All other configurations are not supported and a manual rebalancing will silently fail. The rebalancing request is successfully completed by the gateway, but leaders will ignore the request and no re-election is triggered.

Even when a rebalancing request is handled successfully by all leaders, the result of the re-election process is not guaranteed. Followers that are not fully caught up with the leader cannot be elected as leader. This becomes more likely under high load or with increased network latency between leader and follower.

Rebalancing impact

note

Rebalancing causes every partition leader to step down simultaneously, triggering a new leader election for each partition.

If the desired leader for a partition (the node with the highest priority) is already the leader, rebalancing is a no-op for this partition.
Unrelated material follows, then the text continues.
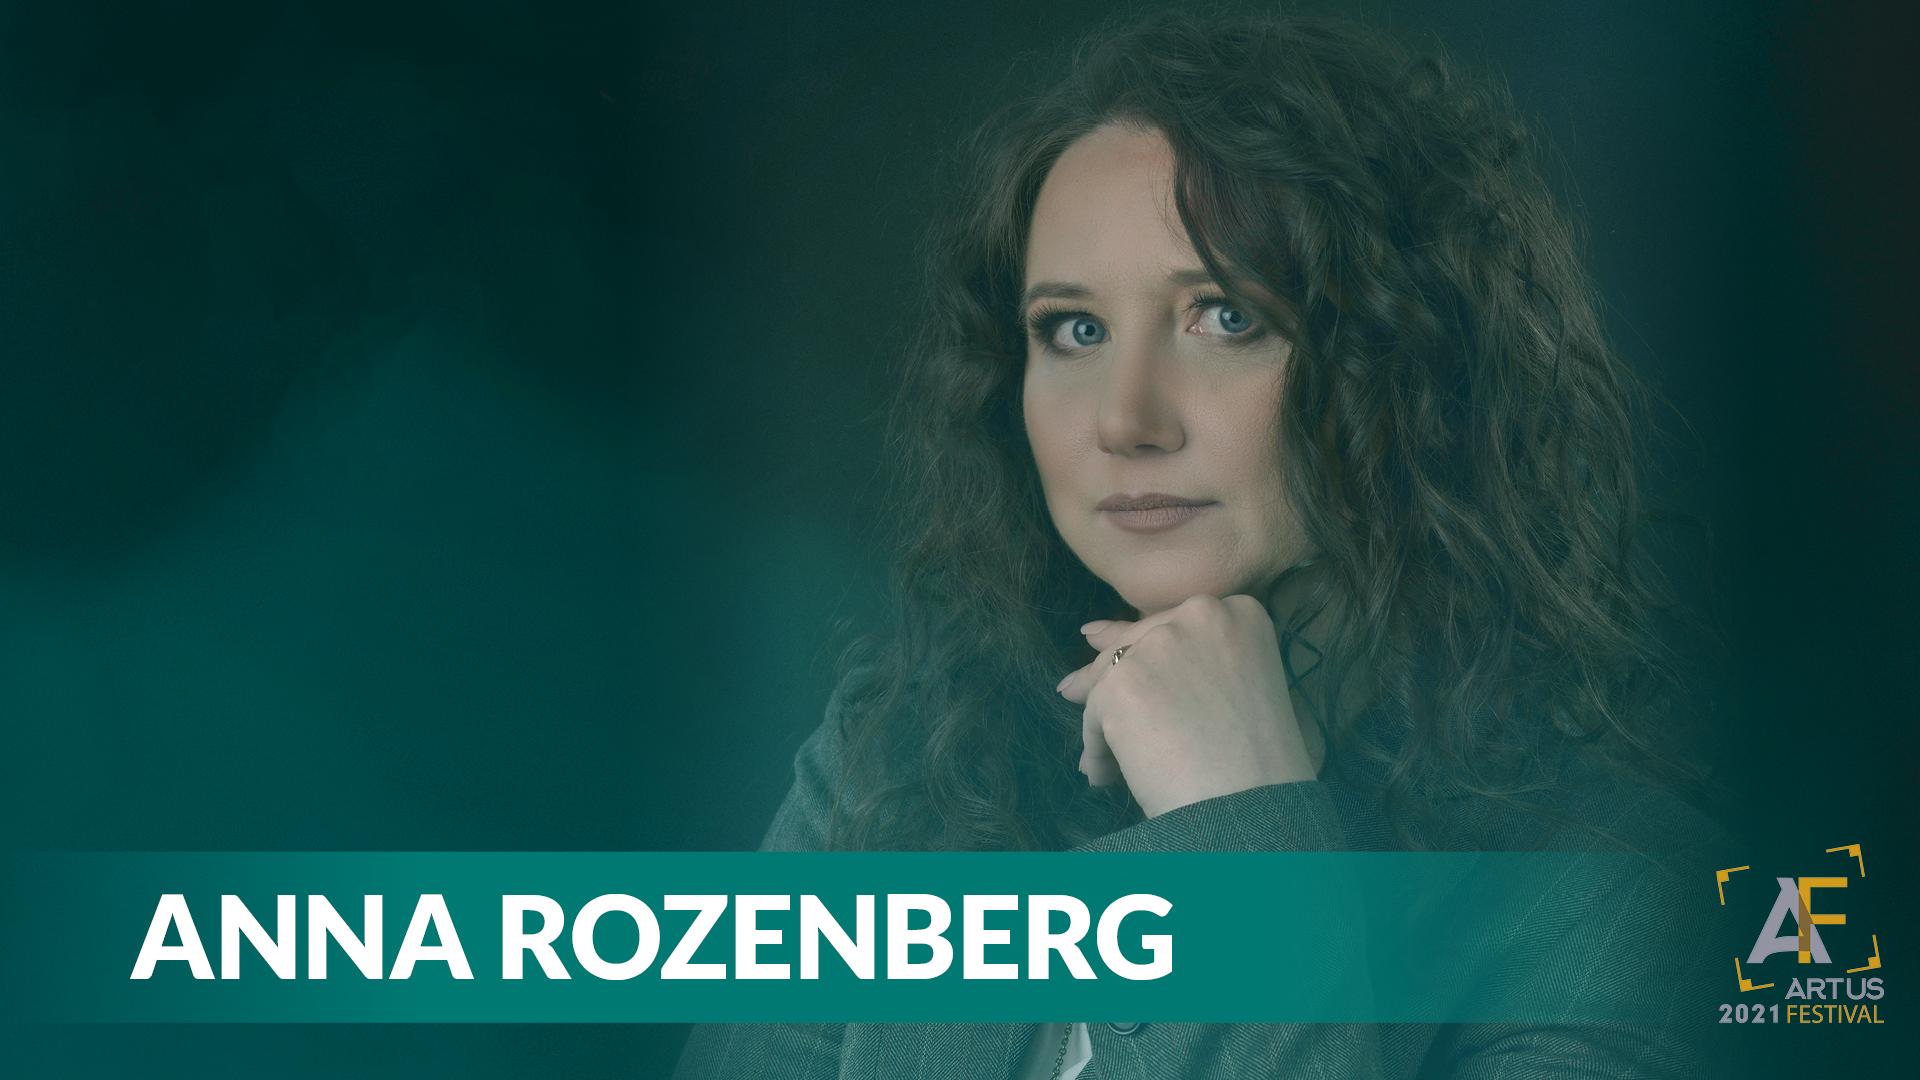 Na zdjęciu Anna Rozenberg

If a cluster is already perfectly balanced, a rebalancing call is a no-op.

During the election period, the affected partition has no leader. While leaderless, a partition cannot process, export, or accept new commands. In the worst case, when all partitions rebalance at the same time, the entire cluster is temporarily unavailable: no workflow engine processing occurs, no new data becomes visible in the web applications, and no client requests are accepted.
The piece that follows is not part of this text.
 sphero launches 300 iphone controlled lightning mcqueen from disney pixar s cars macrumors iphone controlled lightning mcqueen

This is typically observed externally as:

  • Increased error rates from clients, as requests are rejected while no leader is available
  • Increased processing latency, as service tasks complete later and process instances progress more slowly
  • Increased exporting latency, as new data appears in Operate later than expected

When to rebalance

Before triggering a rebalance, verify that it is likely to succeed. As described in Limitations, rebalancing only works if the desired leader for each partition is not lagging behind the current leader. You can verify this using the atomix_non_replicated_entries metric, filtering by the partition and follower labels to determine how far a replica lags behind. The closer this value is to 0, the more likely rebalancing is to succeed. If the desired leader has a significant lag, triggering a rebalance will cause a temporary performance drop without achieving a better distribution.

note

If you are using Prometheus, you can query the replication lag for a given partition and desired leader with:

sum(atomix_non_replicated_entries{partition=~"$partition", follower=~"$follower"}) by (partition, follower)

Replace $partition and $follower by the desired combination.

If you're using the Zeebe Grafana dashboard, you can already visualize this in the Raft section, in a graph named Non replicated records.

Once you have confirmed that rebalancing is likely to succeed, consider the trade-off: rebalancing can improve long-term cluster performance by achieving an optimal leader distribution, but it causes a temporary performance impact and potential unavailability window. Decide whether the long-term benefit outweighs the short-term disruption.

Rebalance only when the cluster is under low load. To determine this, identify what low load means for your specific scenario. What constitutes low load, and whether rebalancing is appropriate at all in a given situation, is ultimately your decision.

For example, you could consider the cluster idle if the total leader append rate across all partitions is low, such as below 64 KB/s. At this level of activity, the impact of a rebalance on your users and applications is minimal.

note

If you are using Prometheus, you can query the total replication rate across all partitions with:

sum(rate(atomix_append_entries_data_rate_total[1m]))

This returns the cluster replication rate in bytes per second.

You can find this in the Zeebe Grafana dashboard under the Raft section, visualized as a graph named Leader append data rate.